The next shove may come from the data. The Labor Department’s Bureau of Labor Statistics has the January employment report scheduled for Wednesday, Feb. 11 at 8:30 a.m. ET, with the January consumer price index due Friday, Feb. 13 at 8:30 a.m. ET. 1
P&G’s move on Friday came against a broad rebound in U.S. stocks, with the Dow closing above 50,000 for the first time. The S&P 500 rose 1.97% and the Nasdaq gained 2.18% as chipmakers jumped on renewed focus on AI data-center spending; “there’s real demand for AI products,” Baird investment strategy analyst Ross Mayfield said. 2
The bigger backdrop has been a messier kind of “market broadening,” with money chasing cheaper and smaller stocks as investors reassess risk in tech. “We’re instead seeing a wave of aggressive buying of altogether different stocks,” said Tim Murray, a capital markets strategist at T. Rowe Price, while Citigroup’s Scott Chronert said money has moved into “staples and industrials” even as debate rages over AI returns. 3
For P&G, the last major company update came with its fiscal second-quarter results in late January.
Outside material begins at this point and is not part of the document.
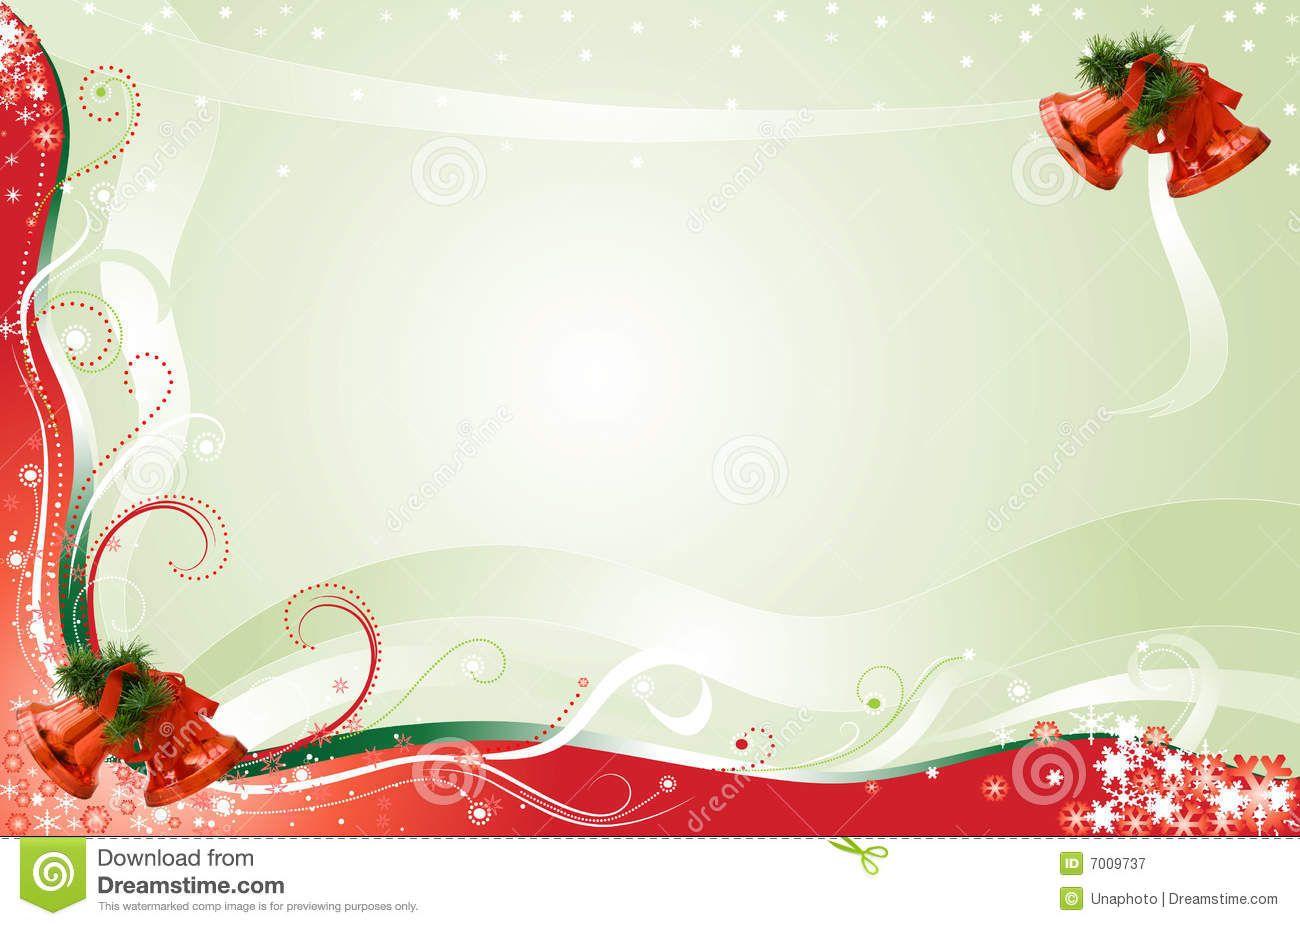 Fondos Verdes De Navidad Para Pantalla Hd 2 Hd Wallpapers: Fondos De Navidad Con Hadas Para Fondo De Pantalla En 4K 7

The company reported net sales of $22.2 billion, with organic sales — which strip out currency swings and deal activity — flat as a 1% price gain was offset by a 1% volume decline; core earnings per share, a profit measure that excludes some one-offs, came in at $1.88. P&G maintained its fiscal 2026 organic sales growth outlook of flat to up 4% and its core EPS growth outlook of flat to up 4%, while estimating about $400 million in after-tax tariff costs for the year. 4
Peers were mixed into the weekend. Clorox rose about 1.5% on Friday, while Colgate-Palmolive fell roughly 0.5%; Kimberly-Clark was little changed and Unilever’s U.S.-listed shares added about 0.8%.
Dividend watchers also have a date. P&G is set to pay $1.0568 per share on Feb. 17, after a Jan. 23 record date, and the company says it has raised its dividend for 68 straight years. At Friday’s close, that works out to an annualized yield of about 2.7%. 5
The week ahead is crowded beyond government data. Earnings are due from consumer names such as Coca-Cola and McDonald’s, along with Unilever, while Cisco’s report is on the calendar as investors stay sensitive to anything tied to AI infrastructure spending. 6
But the setup is not clean. If jobs or inflation land hotter than expected, bond yields can jump and the “defensive” bid can fade fast, especially in crowded, dividend-heavy trades. P&G also still has to prove it can hold pricing without losing more volume while costs — tariffs included — keep nibbling at margins.
For P&G shares, Monday’s open is the first test after the Dow’s record close. After that, traders circle Feb. 11 for jobs, Feb. 13 for CPI, and Feb. 17 for P&G’s dividend payment.